Taiwan’s LIF delivers returns of 3.14% in January to May
27 June 2013
News, Global, Taiwan
By Hui Ching-hoo
The external mandates of Taiwan’s Labor Insurance Fund (LIF) delivered mixed results for the first five months of the year despite the pension fund reporting revenue gains. The Bureau of Labor Insurance (BLI) said on its website on Monday (June 24) that the total AUM of the LIF was up 3.14% to NT$484.5 billion (US$16.09 billion) as of the end of May.
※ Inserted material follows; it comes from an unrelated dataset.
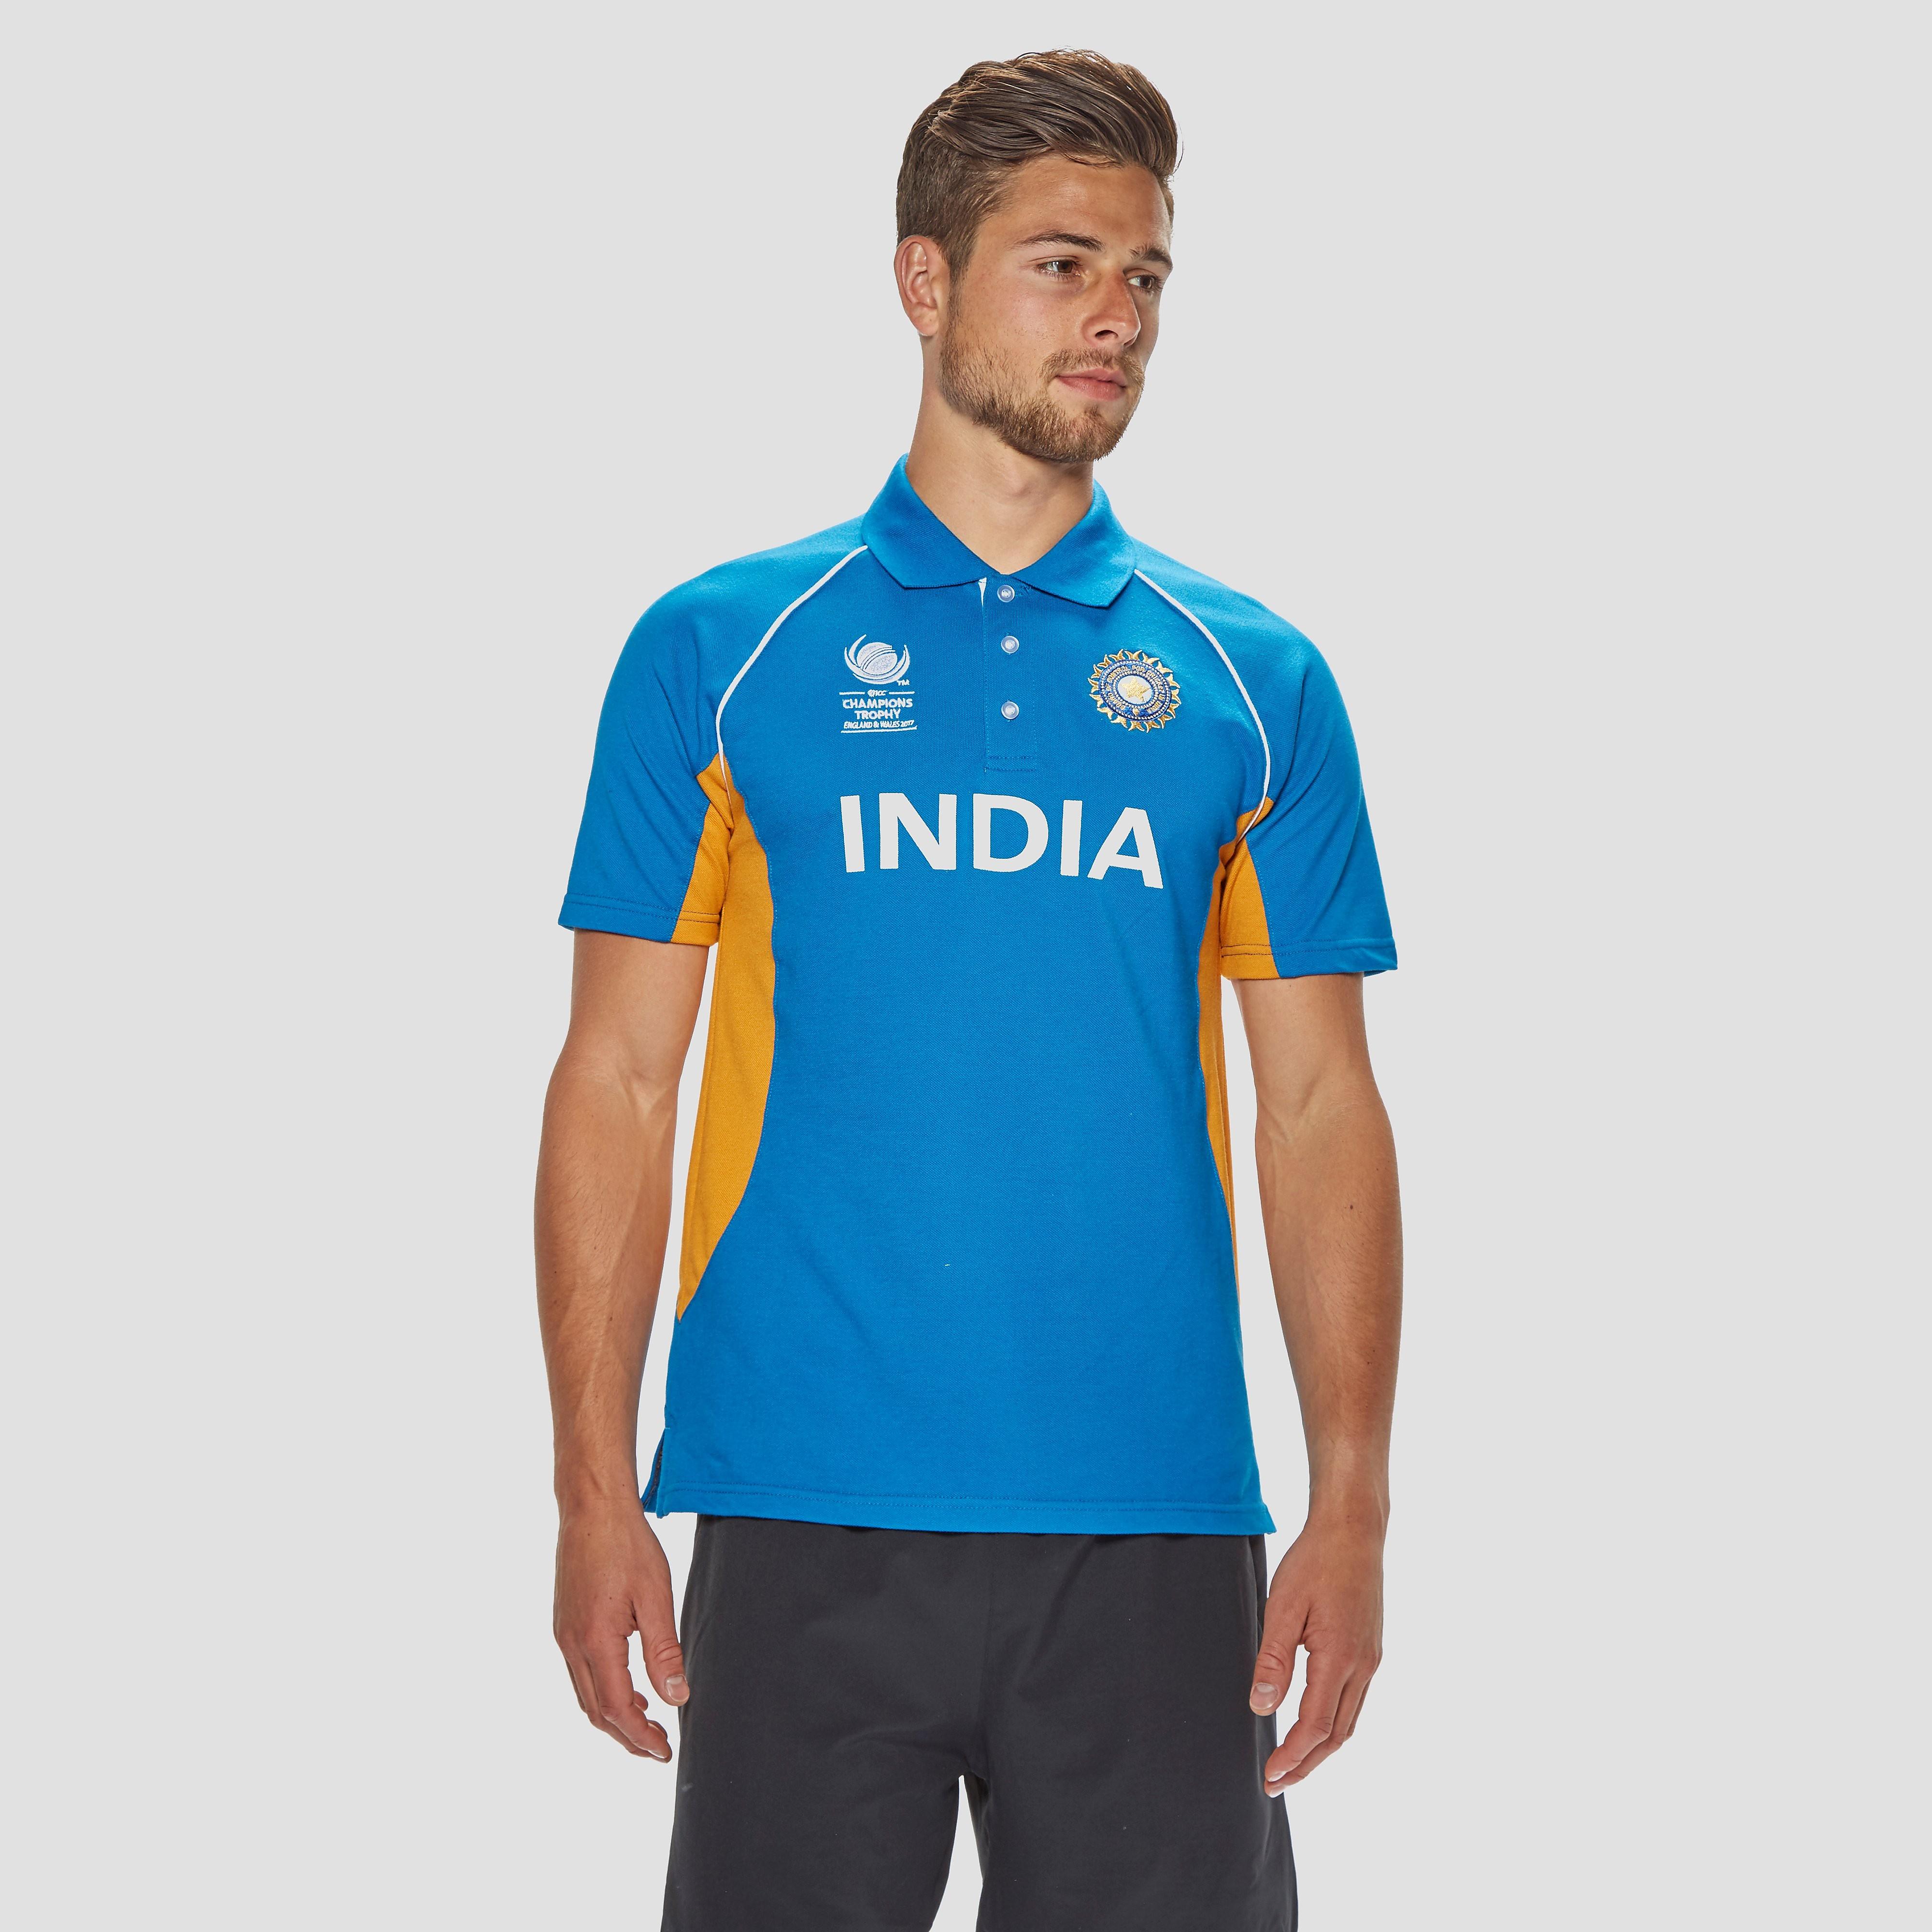 Sportfolio ICC Champions Trophy 2017 India Men's Cricket Jersey

The LIF outsourced 31.24% assets to external managers. Among which, the global emerging market equity mandate LIF awarded to Vontobel last October recorded a return of 1.97% to US$331.2 million in the first five months this year, against the 1.94% of its benchmark FTSE AW Emerging Markets ex-Taiwan Index.
Meanwhile, the passive global fixed income mandates overseen by State Street Global Advisors (SSGA) and Vanguard suffered losses of 5.48% and 5.45% to US$273 million and US$266.3 million, respectively, falling less than the benchmark Barclays Capital Global Treasury Index.
One the domestic side, the NT$4 billion mandate the LIF outsourced to President Securities Investment Trust last March had delivered accumulated returns of 8.29% to NT$4.32 billion as of the end of May.
A complete labor insurance system was introduced in Taiwan in 2009. As part of that, the LIF is an insurance fund that provides for monthly pensions, disability claims, and death benefits.